Féminicides : les cris que nous n’entendons pas

© Florine Gatt

109 féminicides. La formule est connue, « tous les trois jours une femme meurt sous les coups de son conjoint ». Nous sommes bien en France, en 2019 et un imposant cimetière de femmes s’étale sous nos pieds. Le sujet se trouve enfin sur le devant de la scène, depuis le lancement du Grenelle des violences faites aux femmes le 3 septembre. Mais pourquoi avons-nous attendu si longtemps avant d’en parler ? Tribune de Florinne Gatt.


Un terme spécifique pour un crime systémique

Un féminicide désigne le meurtre d’une femme en étroite relation à son genre. Il s’agit donc d’un crime dont le motif est profondément misogyne. Dans son acceptation mondiale, le féminicide regroupe ainsi de nombreux types de meurtres et de violences, allant de la sélection des fœtus ou des enfants à la naissance, aux divers crimes d’honneur. On constate plusieurs occurrences depuis le XIXème siècle mais sa naissance est véritablement actée par la publication en 1992 de Feminicide : the Politics of Woman Killing de Diana E.H. Russell et Jill Radfordi. L’ouvrage regroupe une série d’essais sur ce qu’elles définissent comme un paroxysme des violences faites aux femmes aux États-Unis.

Un certain nombre d’événements entérinent définitivement le terme outre-Atlantique. Le combat des mères de Ciudad Juarez au Mexique pour retrouver les quelques 600 jeunes femmes disparues depuis 1993 en est l’exemple le plus frappant. La création de la Journée internationale pour l’élimination de la violence à l’égard des femmes en 1999 par l’ONU donne alors un coup de projecteur sur le phénomène. En effet, la date choisie du 25 novembre rend hommage aux trois sœurs Mirabal, assassinées en 1960 pour avoir refusé les avances du dictateur de République Dominicaine et s’être opposées à lui. En Amérique latine, dix-huit pays ont introduit le terme dans leur code pénal depuis 2007, créant une législation jusqu’alors manquante pour lutter contre ces violences.

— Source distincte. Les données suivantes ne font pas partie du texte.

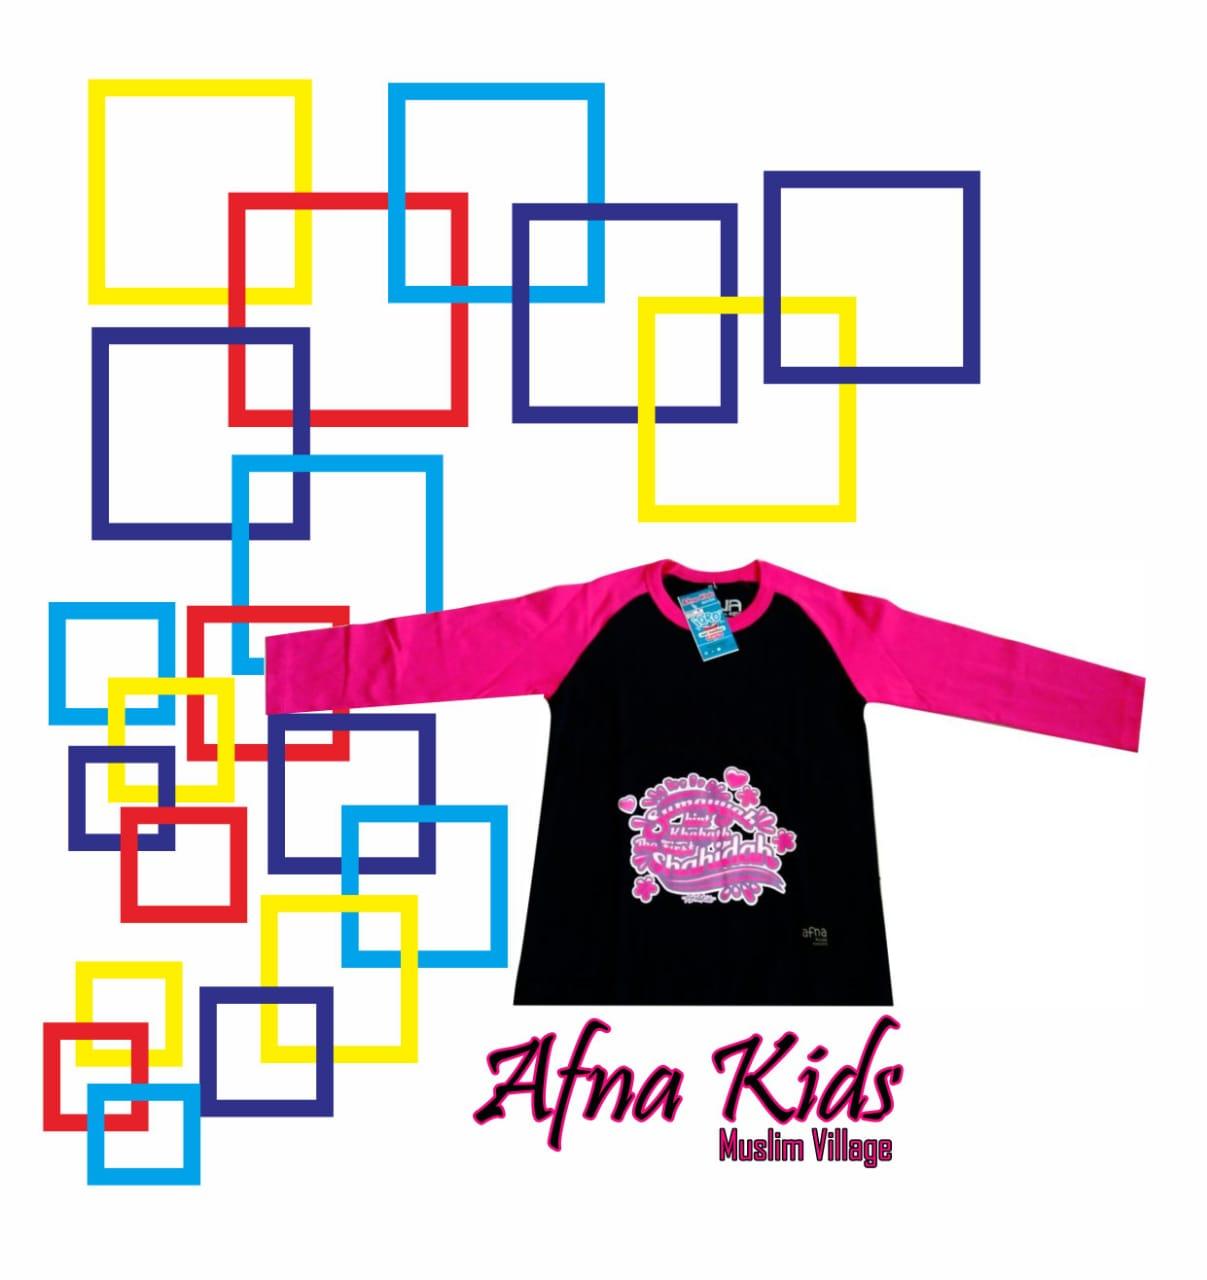 Kaos Afna Kids

Du vocabulaire et des lois

En France, la création de cette catégorie spécifique de crime est controversée. Les associations féministes militent pour son acceptation qui permet de replacer des crimes individuels dans une logique systémique. Les professionnels du droit sont plus sceptiques, puisque, contrairement aux états d’Amérique latine, la France dispose déjà d’un arsenal judiciaire qui reconnaît le sexisme comme circonstance aggravante, bien que cette dernière soit en fait très récente et peu mobilisée. La Commission nationale consultative des droits de l’Homme considère quant à elle, dans un rapport publié en 2016, qu’il n’est pas judicieux de reconnaître légalement le féminicide, dans la mesure où cette introduction pourrait porter atteinte au principe d’égalité devant la loi. Cependant, ce rapport encourage l’utilisation systématique du terme dans le langage courant, les média et la diplomatie pour souligner son caractère particulier.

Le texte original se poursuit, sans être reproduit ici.